Updated June 10, 2016 at 10:08 a.m.


Sam Moss, Fable
  • Sam Moss, Fable

(Lost Honey Records, CD, digital download, vinyl)

When last we left Sam Moss, he was part of the delightfully strange and prolific Brattleboro indie scene. Following the release of his deconstructionist folk gem No Kingdom in 2013 — named one of the year's 10 best local recordings by this paper — Moss moved to Boston. There he has continued to write, perform and record sweet and provocative art-folk masterpieces. The latest such work is Moss' ninth album, Fable, released in May.

Though he now calls Beantown home, Moss retains strong local ties. Two-thirds of his backing band members are part of Brattleboro's Wooden Dinosaur: guitarist Michael Roberts and bassist Jeff Murphy. Fable was recorded at Guilford Sound in Guilford, Vt., and is the first release on Lost Honey Records, a joint venture by Moss and Roberts — look for a WD record on the imprint later this year. Rounding out Moss' Green Mountain bona fides, the vinyl version of the record was pressed at the Burlington Record Plant.

Moss has long had rambling musical wanderlust. Though rooted generally in Americana, he often detours down the genre's myriad side roads. No Kingdom, for example, found kinship in the spare, Appalachian-gothic aesthetic of fellow Vermont expat Sam Amidon. Moss is also a highly regarded fingerstyle guitarist whose instrumental compositions similarly tweak roots convention.

On Fable, he navigates a sort of middle ground.
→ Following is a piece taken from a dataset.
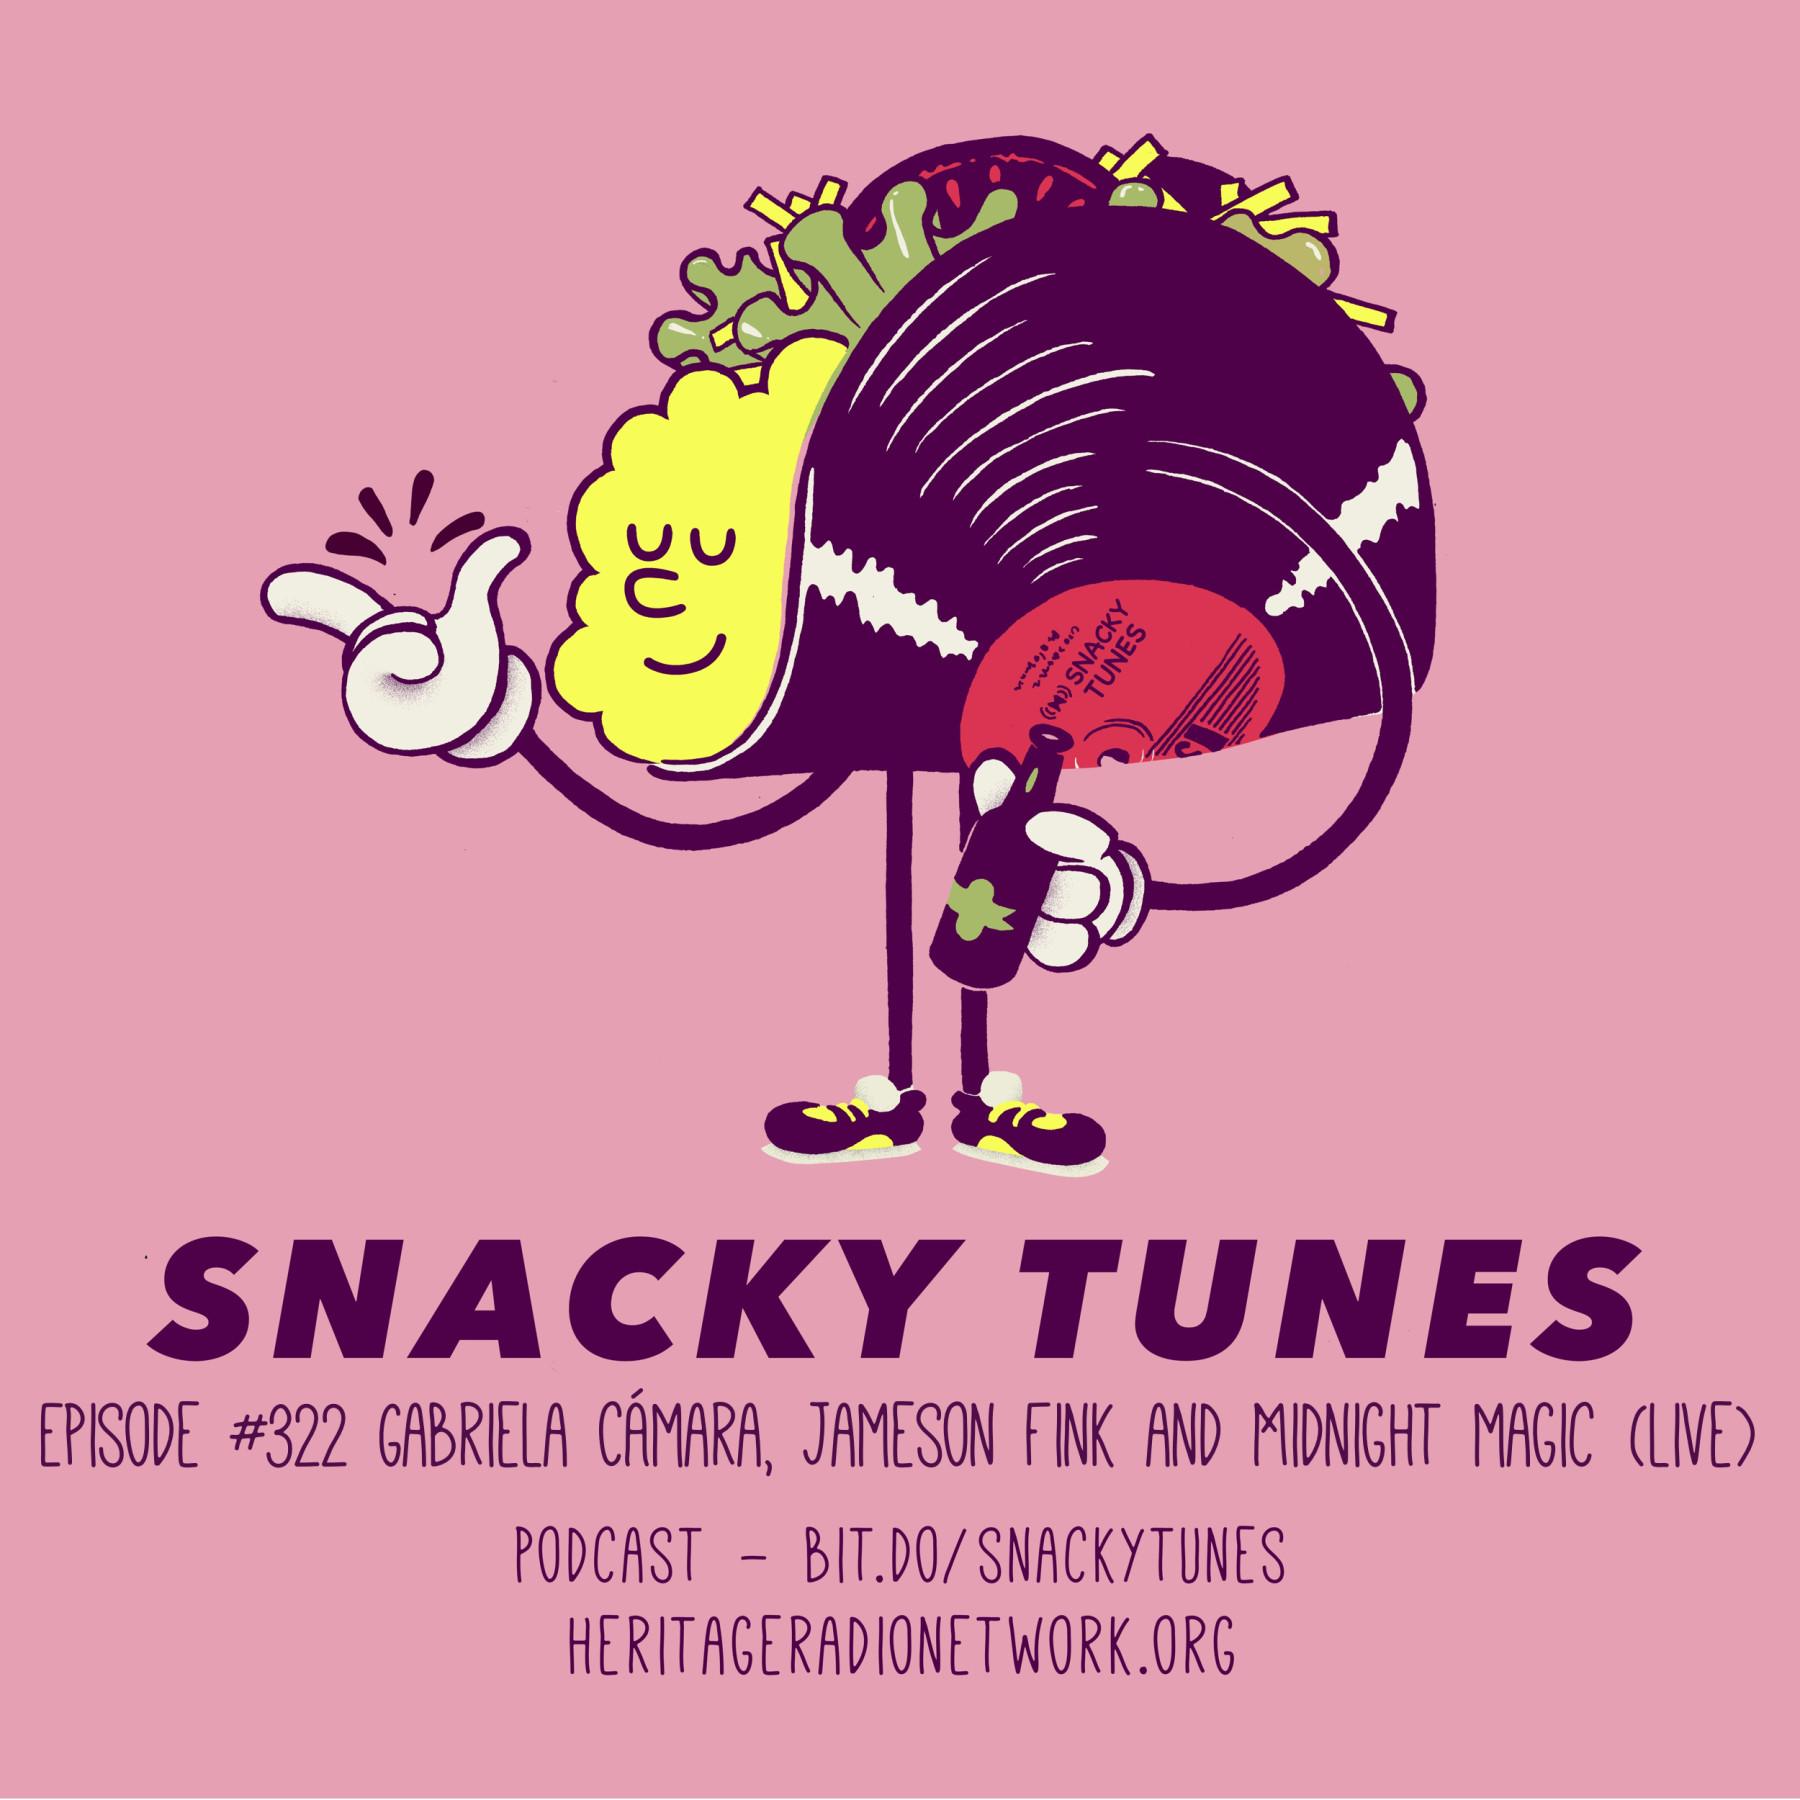 Snacky_Tunes-Podacst_Editable_322.001

There is stark, sprawling beauty in these eight delicately arranged songs, written between 2013 and 2014 just as he was transitioning from Brattleboro to Boston. His writing has a road-weary quality, and his expressive, reedy tenor evokes a mellow Ryan Adams, Iron & Wine's Sam Beam and Tracy Chapman.
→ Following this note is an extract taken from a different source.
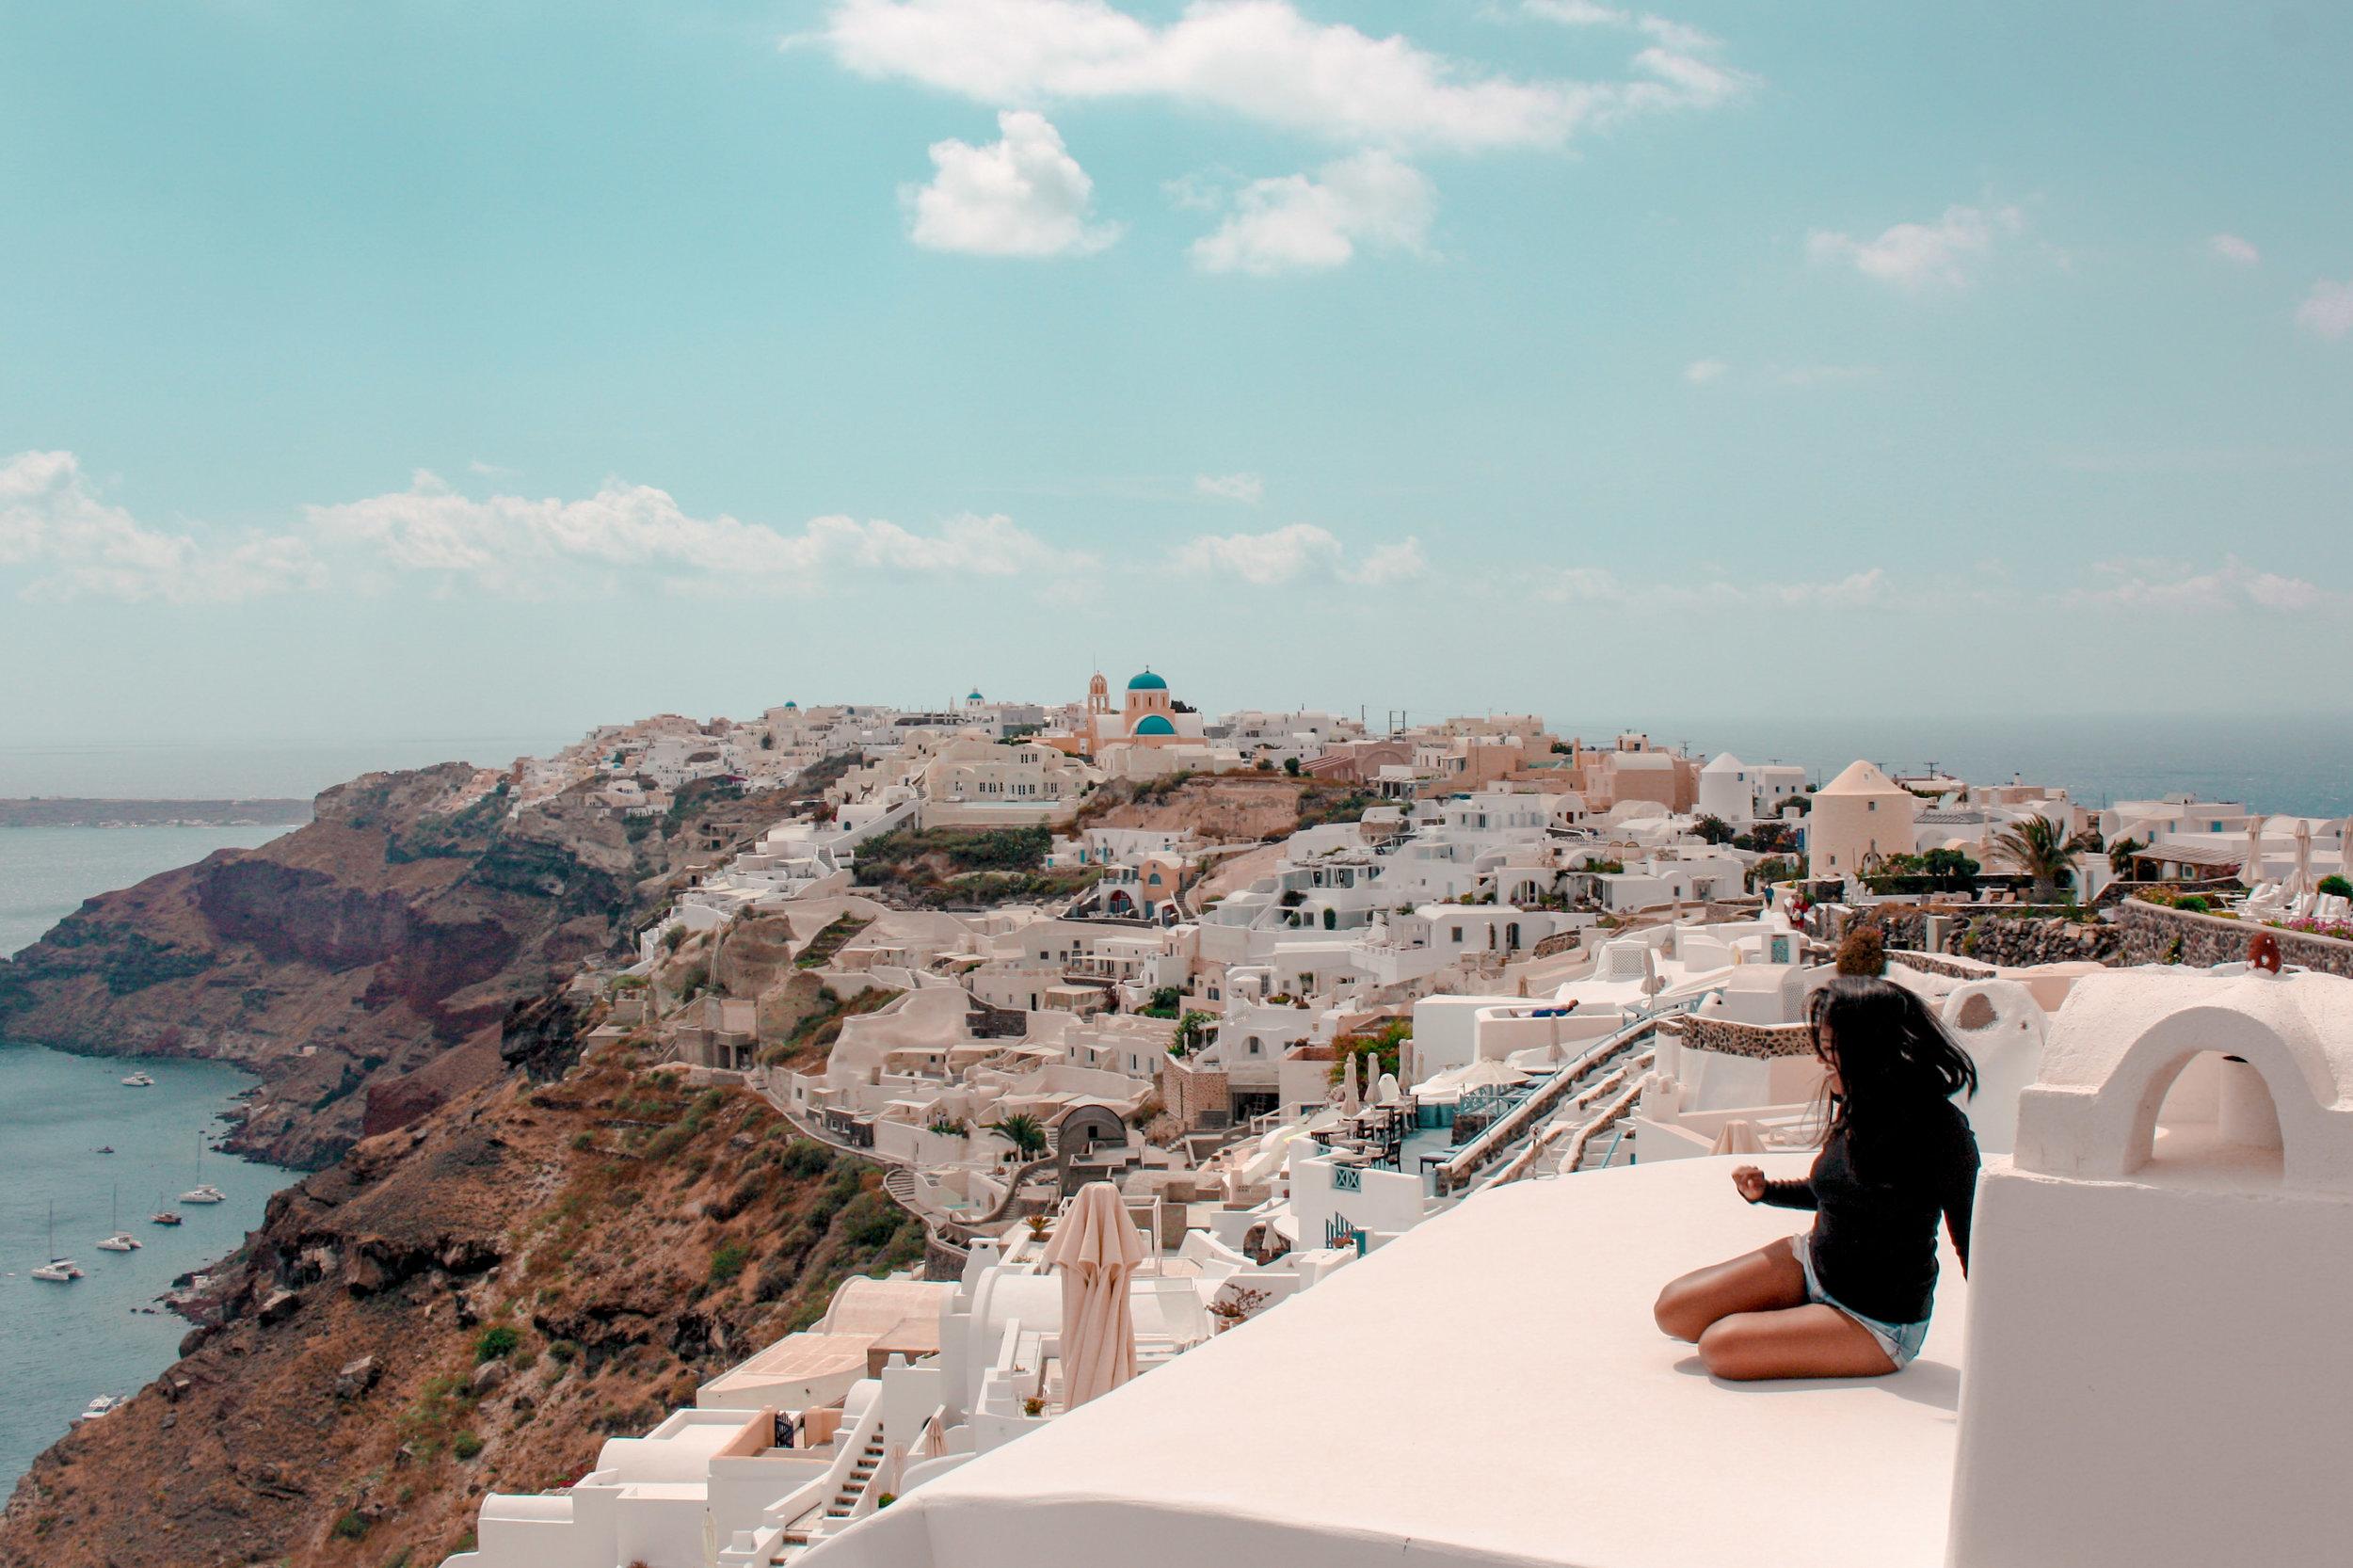 Santorini_thekikogirl_03

But Moss' and Roberts' guitar work largely defines the album. On opener "Postman," Roberts' woozy tremolo guitar evokes the spooky southwestern vibe of Calexico. The title track fuses a lilting acoustic riff with shimmering electric sustains set to a gently insistent drum shuffle. "Hunter's Moon" highlights Moss' acoustic chops as he winds a gorgeous high-and-lonesome vocal melody around nimble fingerpicking.

"Beast" is sinister cut built on a shiver-inducing, Delta-blues-style progression given dark accents by Roberts' gritty, minimalist work. Over this, Moss hollers a baleful melody that harks to Appalachian balladry. It's a stirring stylistic fusion.

Fable closes on "Lighting," which moseys along at an unhurried pace. Roberts shades Moss' light melody with tumbling lines that are rhythmically and tonally skewed just enough to impart a playful vibe.